Folha de S. Paulo


'Síndrome da pessoa elástica' pode afetar articulações e até o coração

De pé, Maria Eduarda Pelegrini, 7, coloca o nariz no joelho e, com as pernas perfeitamente esticadas, apoia as mãos espalmadas no chão.

Ela não é contorcionista nem passou horas treinando para atingir tamanha flexibilidade. Eduarda nasceu com uma condição genética conhecida como "síndrome das pessoas elásticas" e que pode atingir até 40% da população em algum grau.

A hipermobilidade de Eduarda corresponde à mais comum das seis variações da Síndrome de Ehlers-Danlos (SED), caracterizada por alterações nos genes que sintetizam o colágeno, elastina e fibrina, causando defeitos nos tecidos conjuntivos como tendões, músculos e membranas que envolvem as articulações.
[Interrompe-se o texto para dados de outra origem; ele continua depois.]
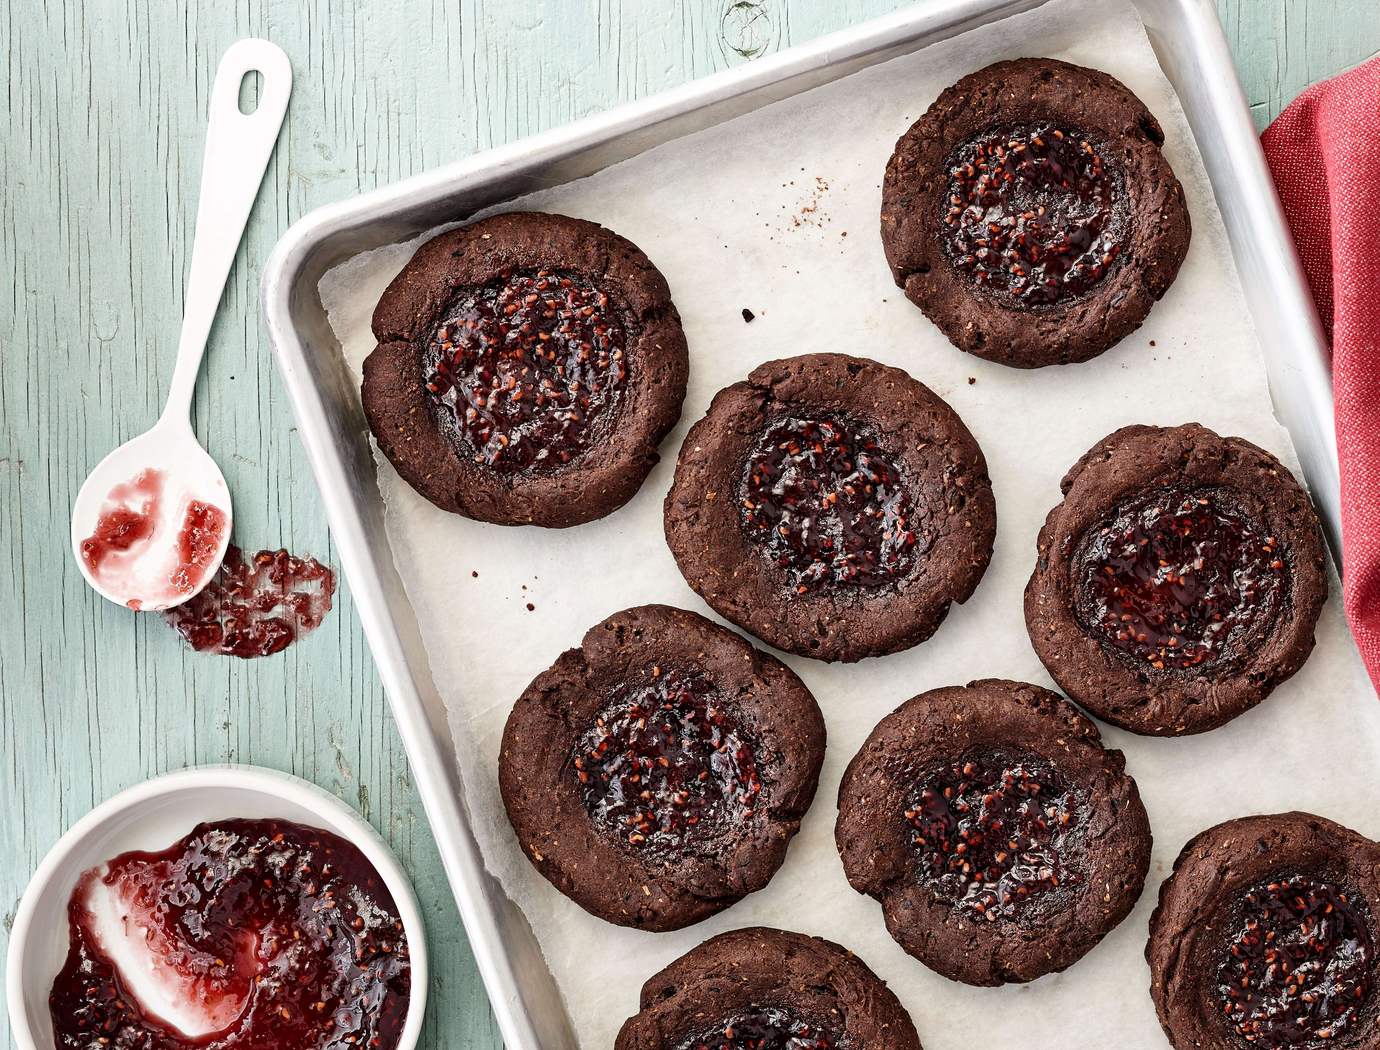 Chocolate and raspberry jam cookies

O problema pode afetar qualquer membro do corpo, gerando uma frouxidão articular que dá à pessoa uma elasticidade incomum sem esforço ou treinamento.

"Flexibilidade costuma ser um indicativo de saúde. As pessoas veem que alguém consegue encostar o polegar no pulso, fazer poses de iogue e acham bonito, ficam com inveja. Muitas vezes essa pessoa tem um problema sério. Sente dores frequentes, é mais suscetível a desenvolver problemas posturais, osteopenia [doença que diminui a densidade óssea] precoce e artrite reumatoide", explica a fisioterapeuta Neuseli Marino Lamari, livre-docente da Faculdade de Medicina de Rio Preto.

Estudiosa do tema há mais de trinta anos, Lamari explica que a principal característica do hipermóvel é exceder o extremo das amplitudes de movimento articular.

"Conseguir encostar a palma da mão no chão com a perna esticada é uma coisa incomum até em jovens. Fiz uma pesquisa com 1.700 crianças entre 6 e 12 anos e só 14% delas conseguiam fazer esse movimento", diz.

O Hospital de Base de São José do Rio Preto tem um ambulatório de fisioterapia especializado na síndrome. Lá, crianças com diagnóstico de SED recebem reeducação postural. O objetivo não é reduzir a flexibilidade, até porque isso é impossível. Os pacientes aprendem a se mover de modo a não forçar o corpo e evitar problemas como escoliose, cervicalgia, lombalgia, artralgia de joelhos, artrose e tendinite, a que estão mais sujeitos.

"O ideal é que a reeducação seja feita antes do estirão de crescimento que acontece por volta dos 12 anos. O problema é que poucos pediatras conhecem a SED. É comum acharem que a criança é estabanada, ou confundirem com fibromialgia ou osteoartrite", diz Lamari.

O hipermóvel muitas vezes é tido como desastrado. É que a frouxidão articular leva ao deslocamento involuntário dos braços, pernas e joelhos. A maior parte das crianças descobre a SED após queixas de cansaço excessivo e dores nas pernas. Em casos mais graves, a pessoa pode ter intolerância postural ortostática (dificuldade para ficar de pé por muito tempo).

Segundo Lamari, uma das piores coisas que podem acontecer a um hipermóvel é fazer um uso competitivo da flexibilidade. "Muitos contorcionistas, artistas de circo e bailarinos têm SED. Eles têm uma aparente vantagem nessas atividades, mas o preço logo aparece: desgaste precoce das articulações. A pessoa é estimulada a desrespeitar os limites do corpo", explica. Isso não significa que toda pessoa que consegue fazer movimentos amplos é doente. O problema é conseguir uma superelasticidade sem treinamento adequado.

O diagnóstico é feito em exame clínico que observa se há cinco de nove pontos de elasticidade excessiva.

O mesmo defeito na síntese do colágeno que gera toda essa flexibilidade também pode render miopia, astigmatismo, dor abdominal e problemas cardíacos. "Tudo que depende da produção de colágeno no organismo, incluindo o esqueleto fibroso do coração, pode ficar fragilizado", explica o cardiologista Marcio Pimentel, do Hospital de Base de São José do Rio Preto.